Lol. I haven't applied it to my cheeks yet but you'll be the first to see when I do. Almost don't want to use it. It's my first shimmer msf.


----------



## doniad101 (Dec 26, 2006)

LOL. Ohh okay LOL. Thank you sooo much! I cant wait to see! I only have tried two MSF's. Shooting Star-which I found a bit ashy and Stereo Rose-which was okay, but not the best. So I'm hoping I will like either glissade or lighscape... or maybe both. LOL 
	

	
	
		
		

		
		
	


	




)


----------



## Naturellle (Dec 26, 2006)

Quote:

   Originally Posted by *doniad101* 

 
_LOL. Ohh okay LOL. Thank you sooo much! I cant wait to see! I only have tried two MSF's. Shooting Star-which I found a bit ashy and Stereo Rose-which was okay, but not the best. So I'm hoping I will like either glissade or lighscape... or maybe both. LOL 
	

	
	
		
		

		
		
	


	




)_

 
I'm NC45 and I purchased the glissade msf and I LOVE, LOVE, LOVE IT! I'm afriad to get lightscapade for fear of it looking ashy on my. I don't like shooting star as it didn't compliment me at all.  Shimpagne was ashy looking on me.  This the first msf that really works for me. I'm tempted to get a back up but I won't because I have other products that I need to use up as well.  It is a gorgeous peachy pink shimmer but not too shimmery. I put it on my cheeks and it looks fab.  Perfect for a light, everyday look. It really compliments my coloring. I think this color is perfect for women of color. I suggest you try it on your face before you buy. I find that for myself, the color looks slightly different on my face than on my hand. HTH.


----------



## Indigowaters (Dec 26, 2006)

Quote:

   Originally Posted by *Naturellle* 

 
_I'm afriad to get lightscapade for fear of it looking ashy on my. 

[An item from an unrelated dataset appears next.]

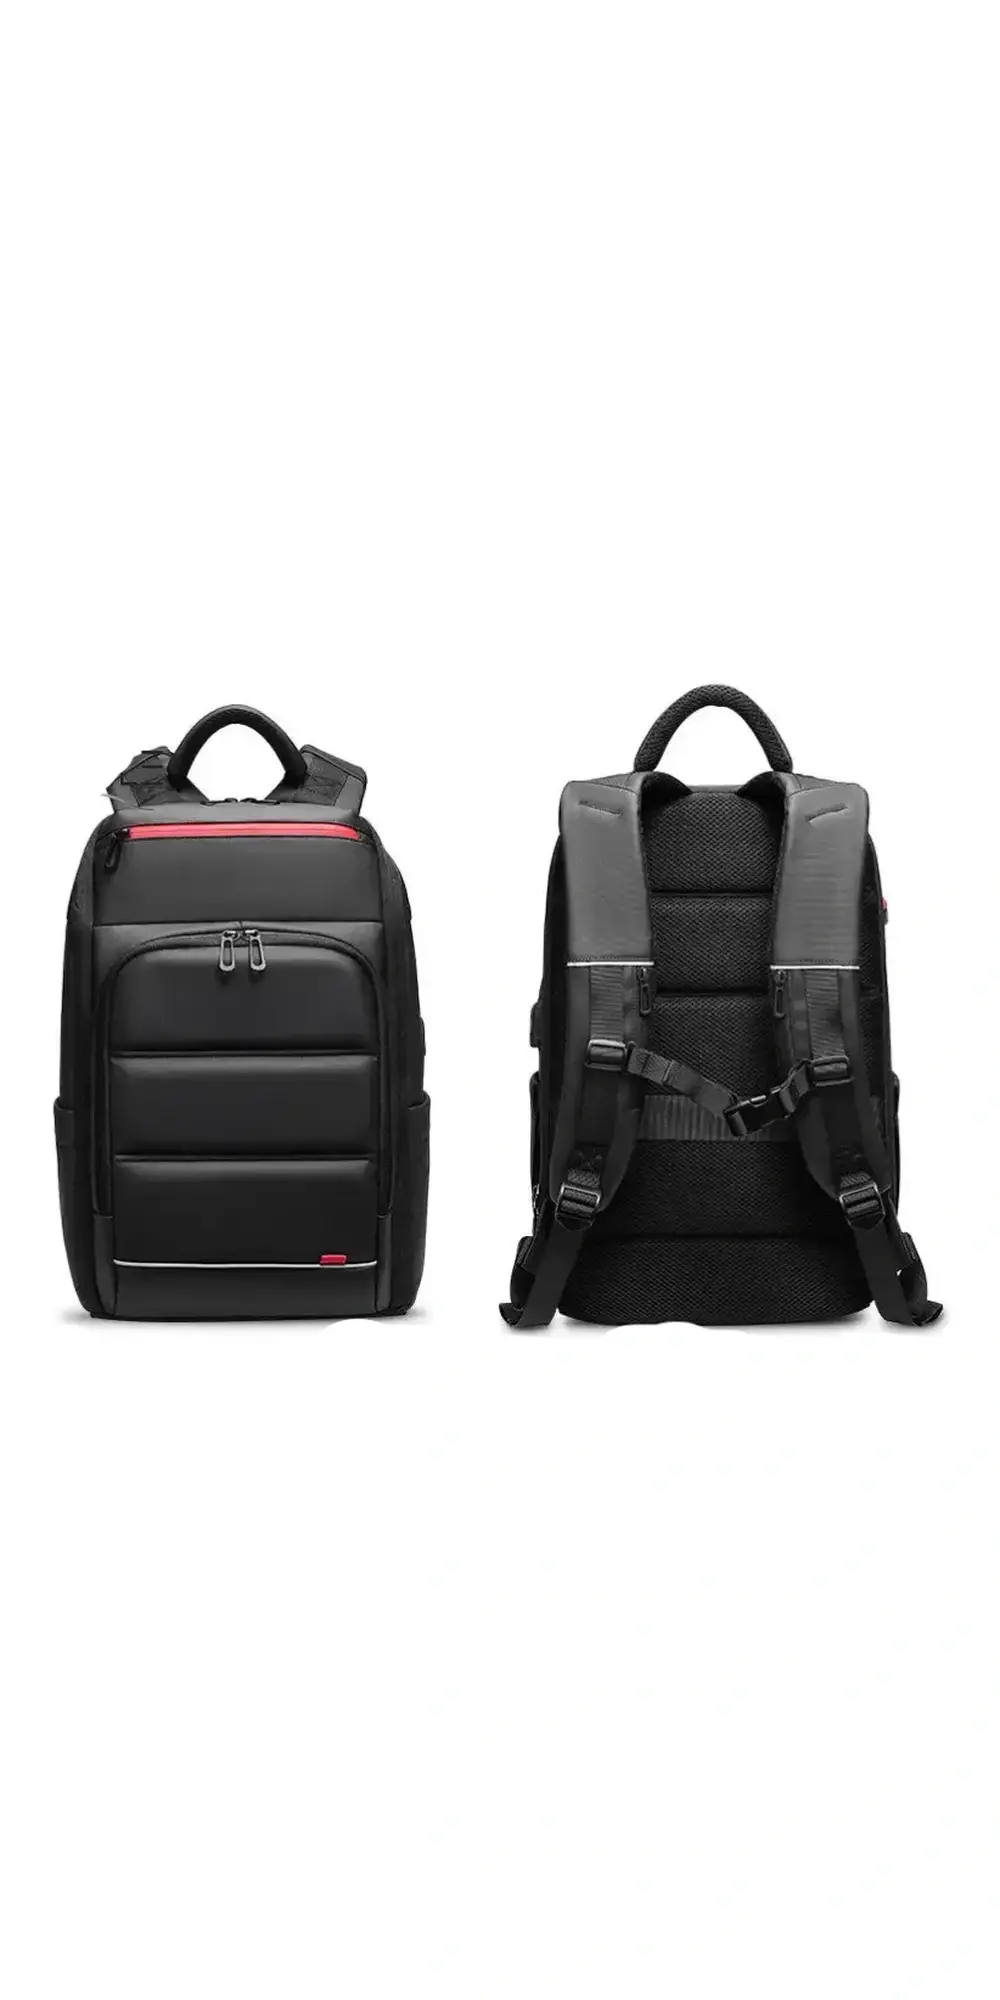 Waterproof Backpack with Multifunctional External USB Charge
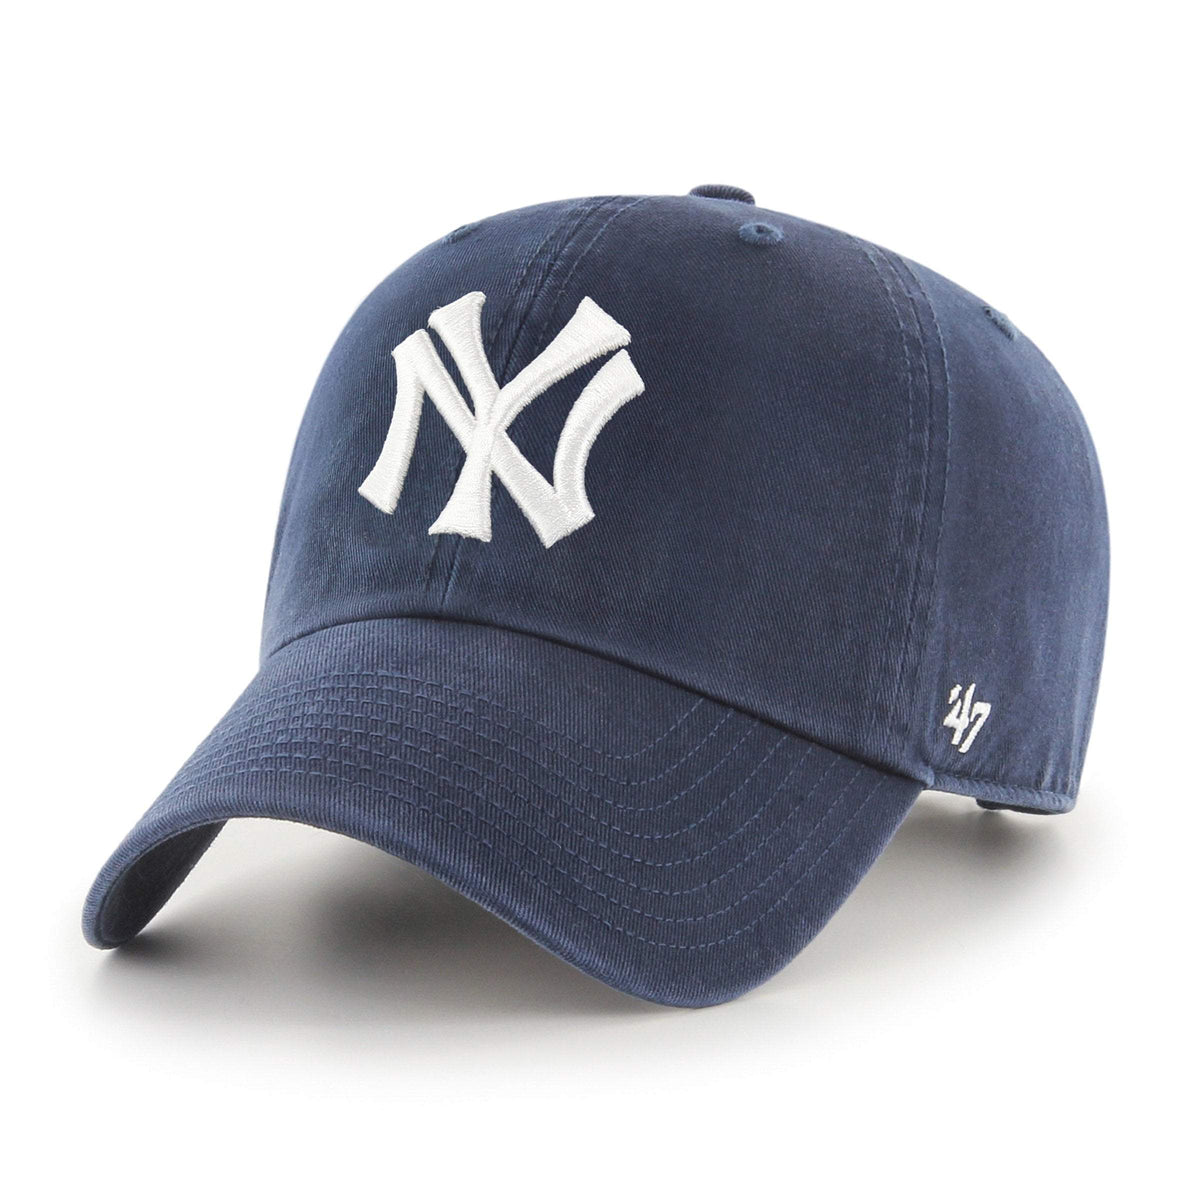 NEW YORK YANKEES COOPERSTOWN '47 CLEAN UP

 I think this color is perfect for women of color. I suggest you try it on your face before you buy. I find that for myself, the color looks slightly different on my face than on my hand. HTH._

 
Thanks! I didn't want Lightscapade either after seeing it. My MA who might be an NC20 doesn't even want to try it yet, lol. But Glissade looks gorgeous and universal on any color.


----------



## sexypuma (Dec 26, 2006)

I just picked up both msf and my MA actually told me she liked lightscapade better than glissade and thought i should get than one but i wanted both. Btw she is probably nc50 and she told me she liked lightscapade better on herself so... I don't know.


----------



## lsperry (Dec 27, 2006)

Thanks for posting the swatches Indigowaters....I saw an earlier swatch of aire-de-blu on dark skin and fell in love w/it. The glissade looks very pretty on you. I'm getting it too along w/the pigments. I had not seen any LGs swatched on dark skin until you posted these. But, that en pointe looks good on you, too.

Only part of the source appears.